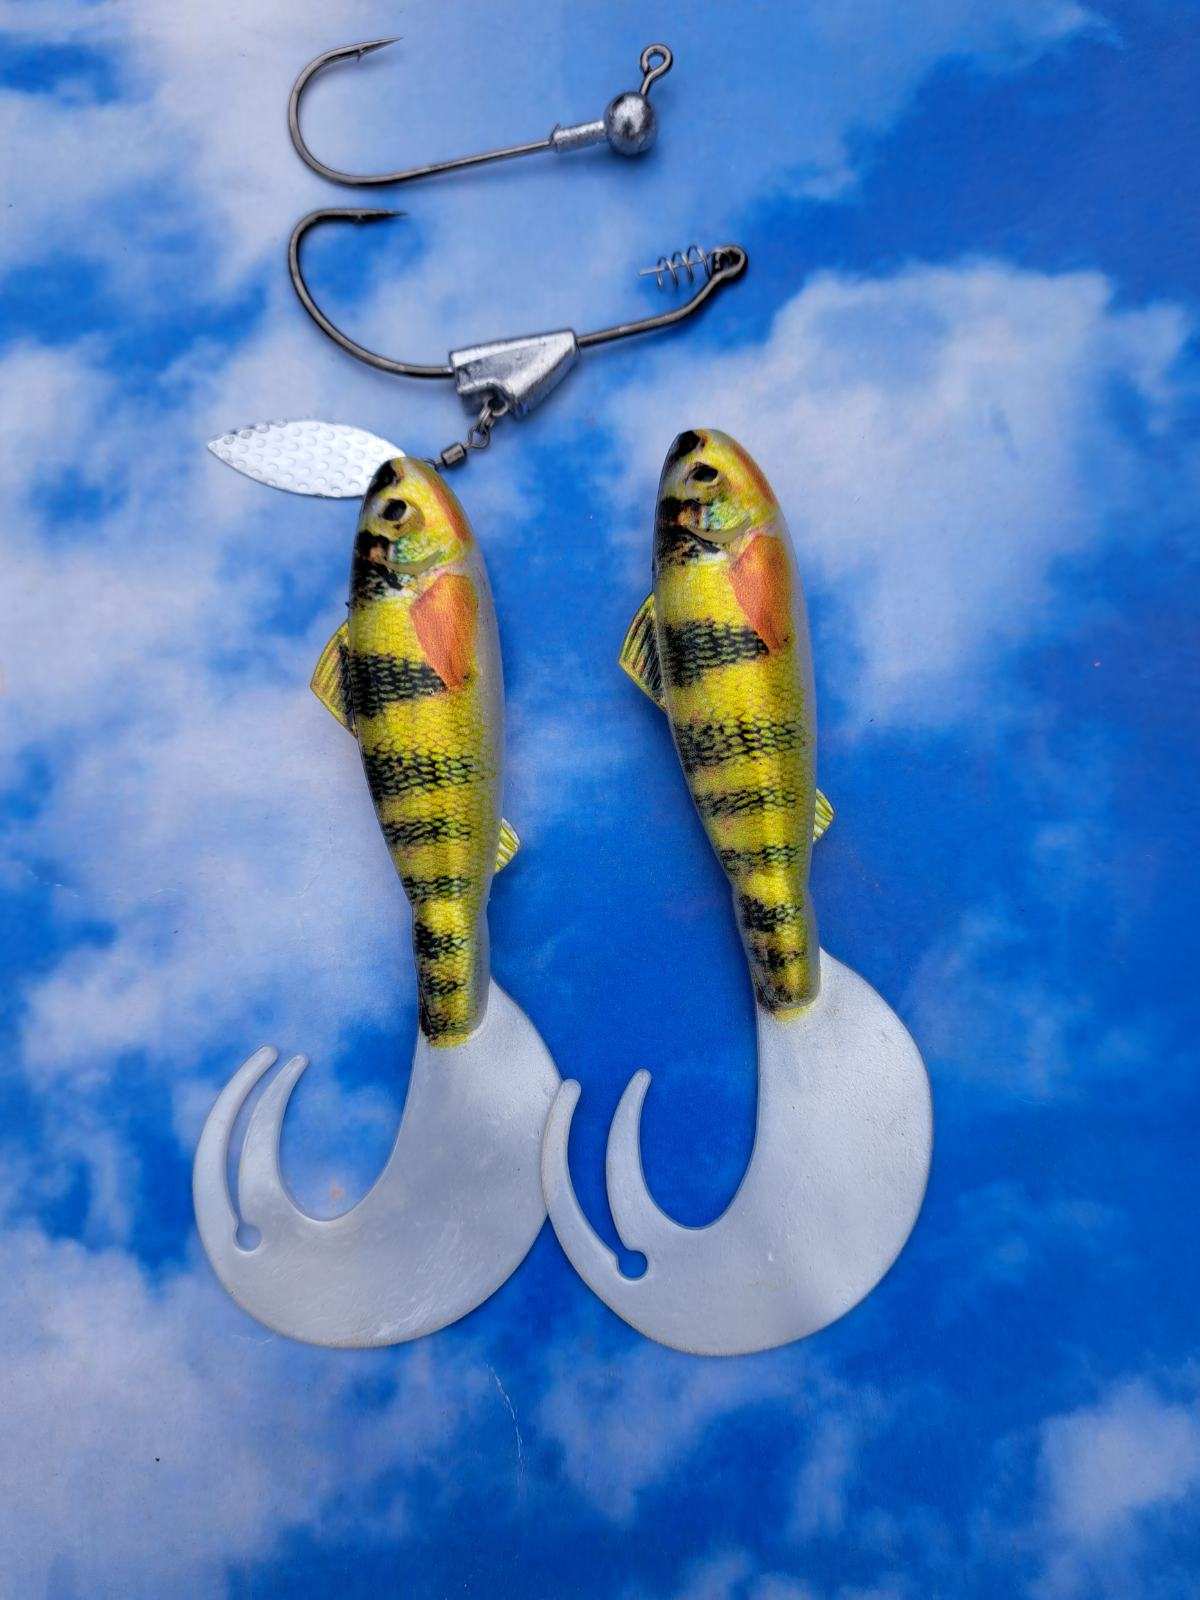 fish lure making kits - Buy fish lure making kits with free
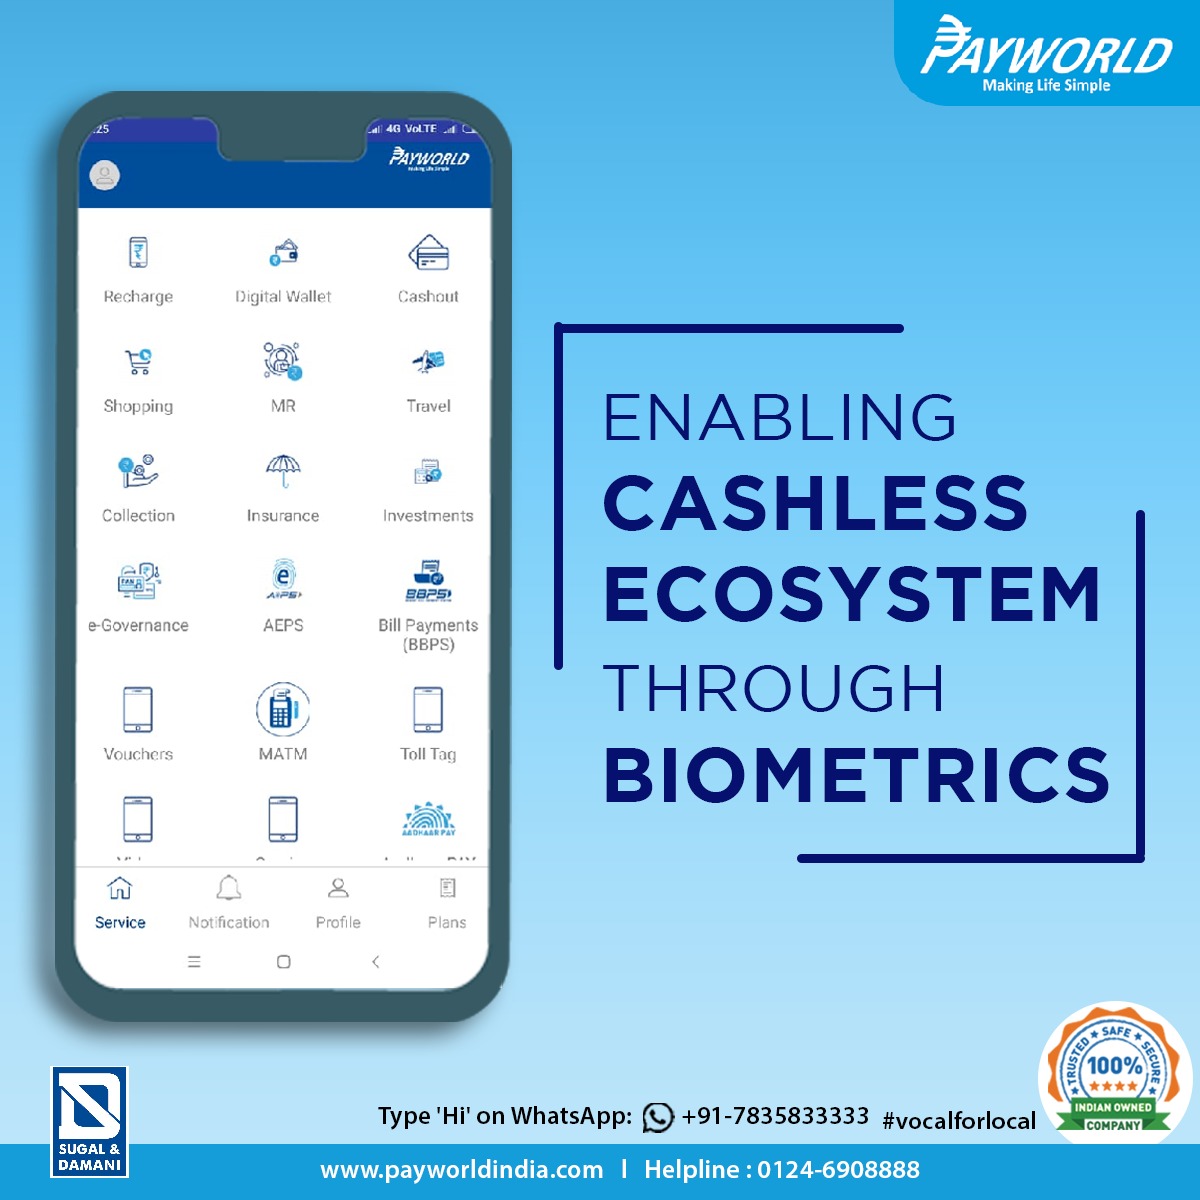 #Payworld is committed towards 'Making Life Simple' for all the stakeholders by making online transactional services fast and user- friendly.  India's most trusted app - Payworld allows to perform #financialtransactions safely.

#payworldapp #digitalfinancialinclusion #fintech
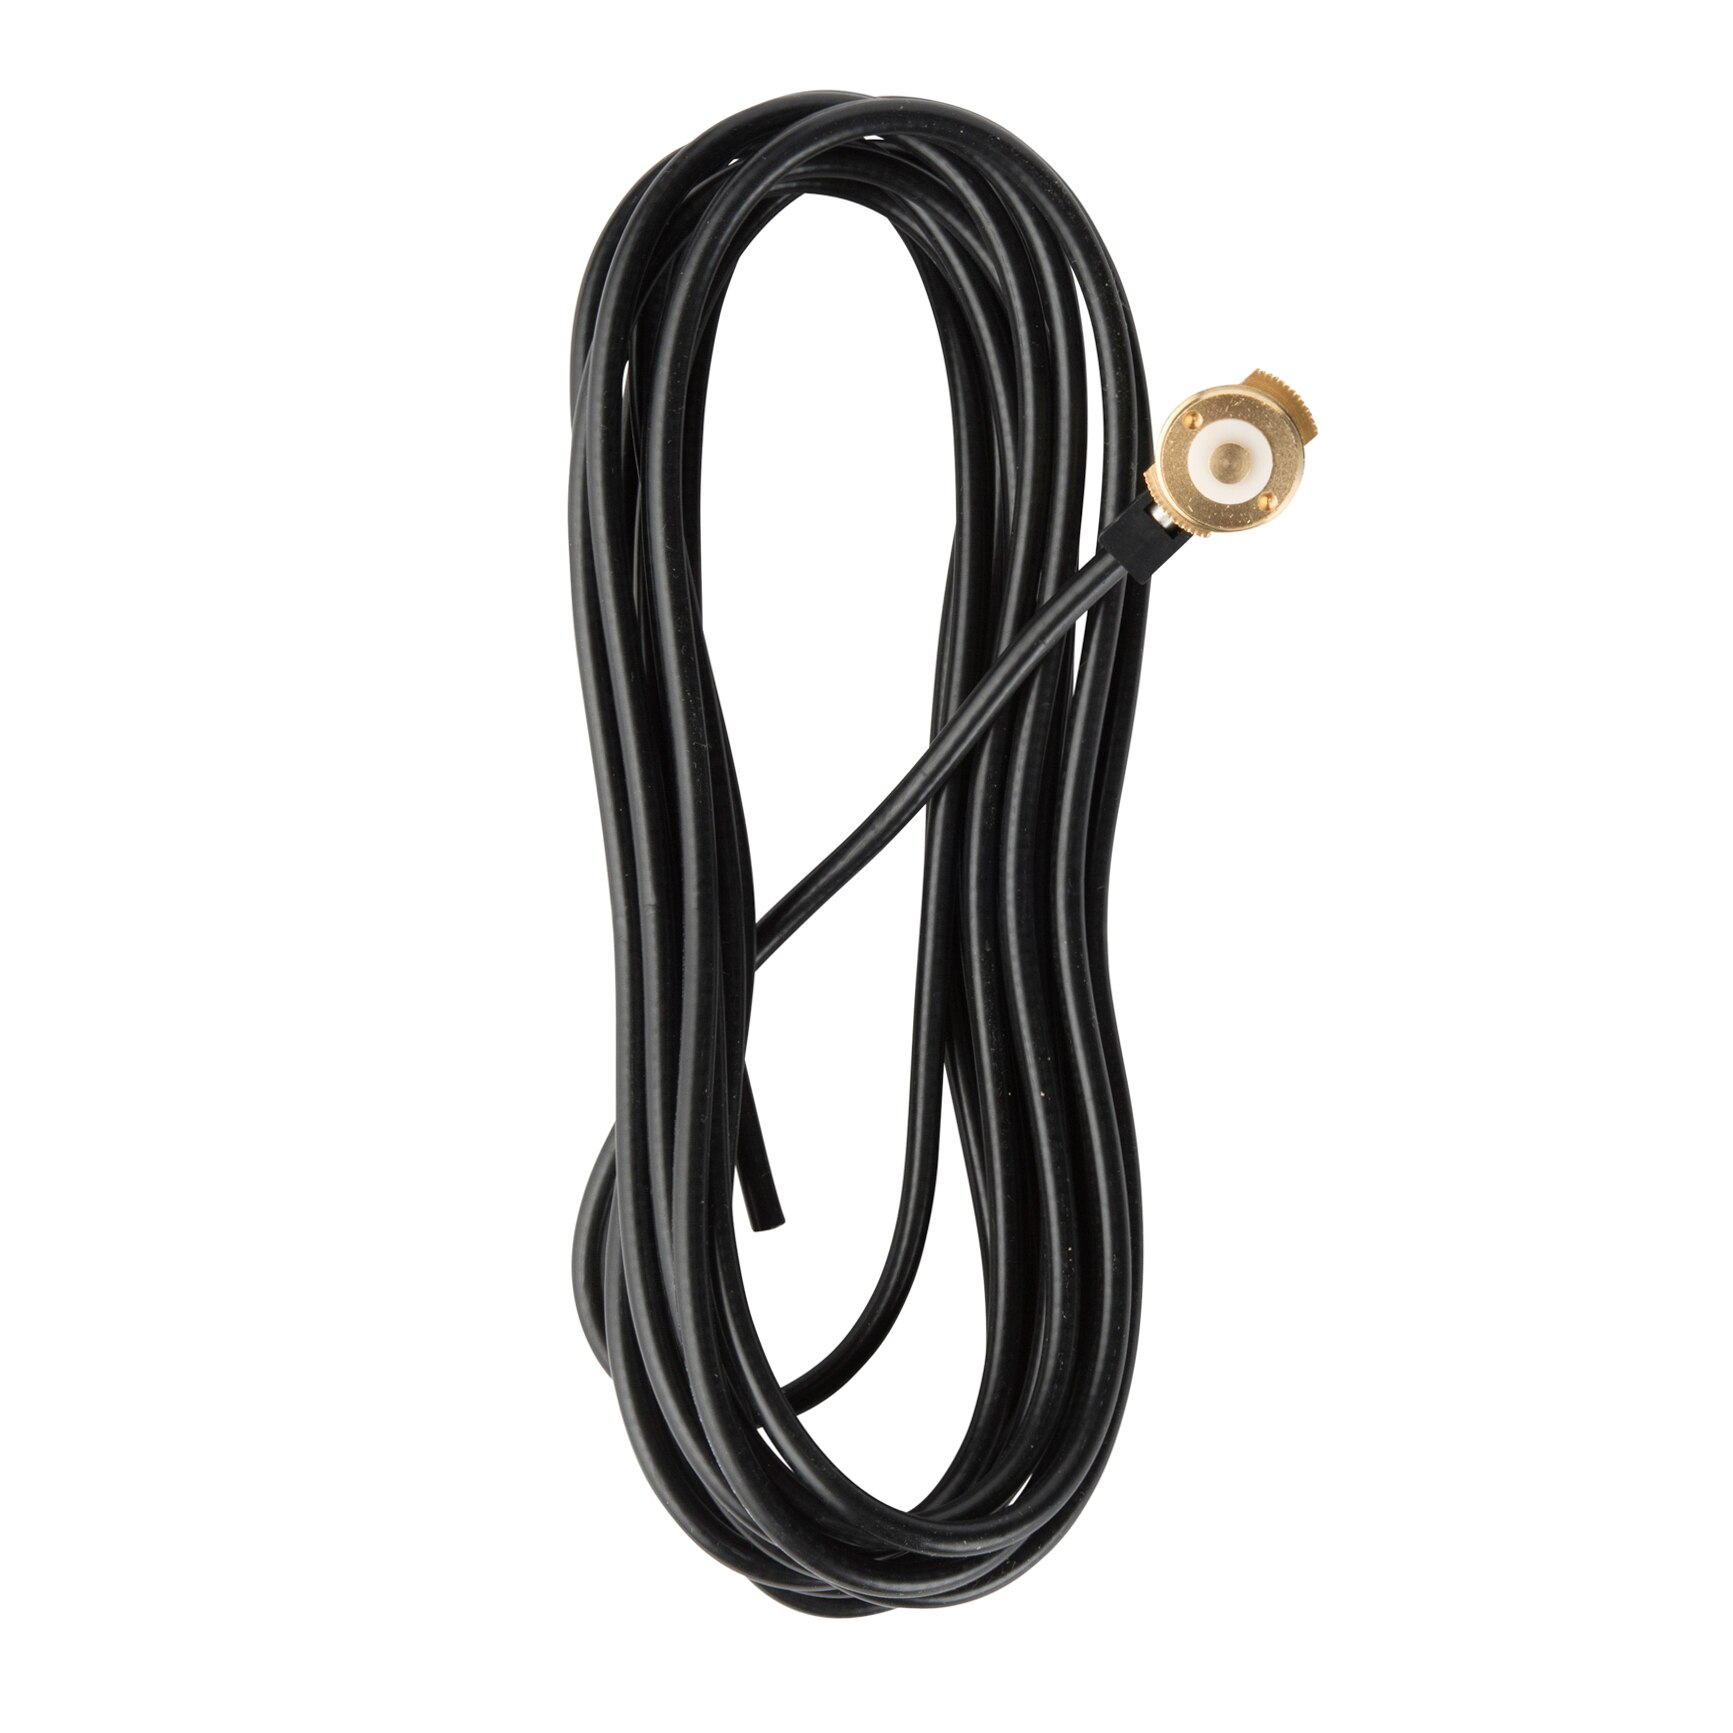 3 dB Stubby Antenna With 17-ft. Cable and Mini UHF Connector
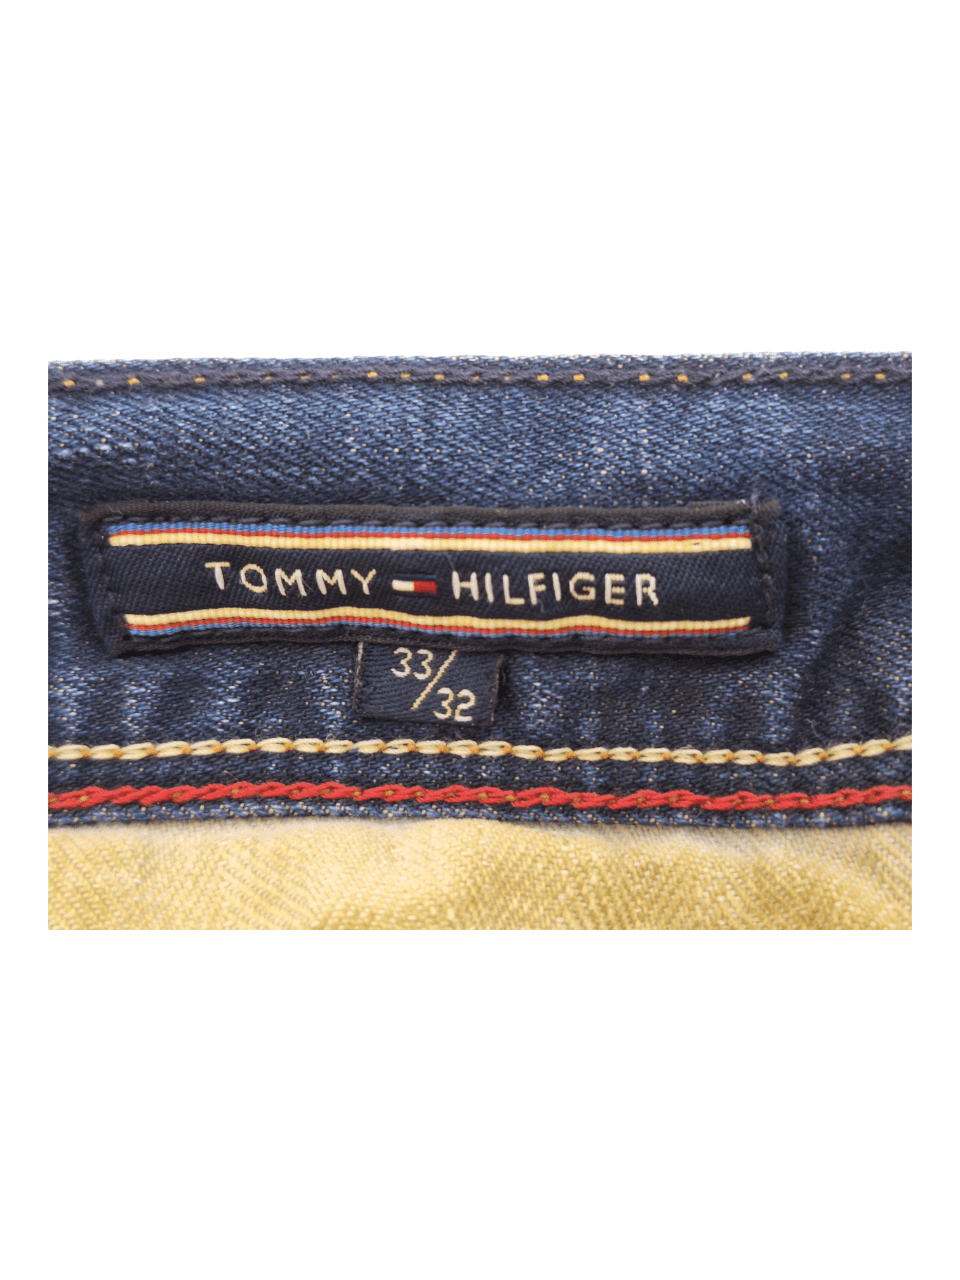 Jeans TOMMY HIFILGER Brut taille 32/33

•••••

- _WORK REQUIRED_:
In the copy, include exactly the lines from the one with "#Payworld is committed" through the final line of the data, both ends included, and no pictures.

- _EXERCISE OUTPUT_:
 #Payworld is committed towards 'Making Life Simple' for all the stakeholders by making online transactional services fast and user- friendly.  India's most trusted app - Payworld allows to perform #financialtransactions safely.

#payworldapp #digitalfinancialinclusion #fintech
 3 dB Stubby Antenna With 17-ft. Cable and Mini UHF Connector
 Jeans TOMMY HIFILGER Brut taille 32/33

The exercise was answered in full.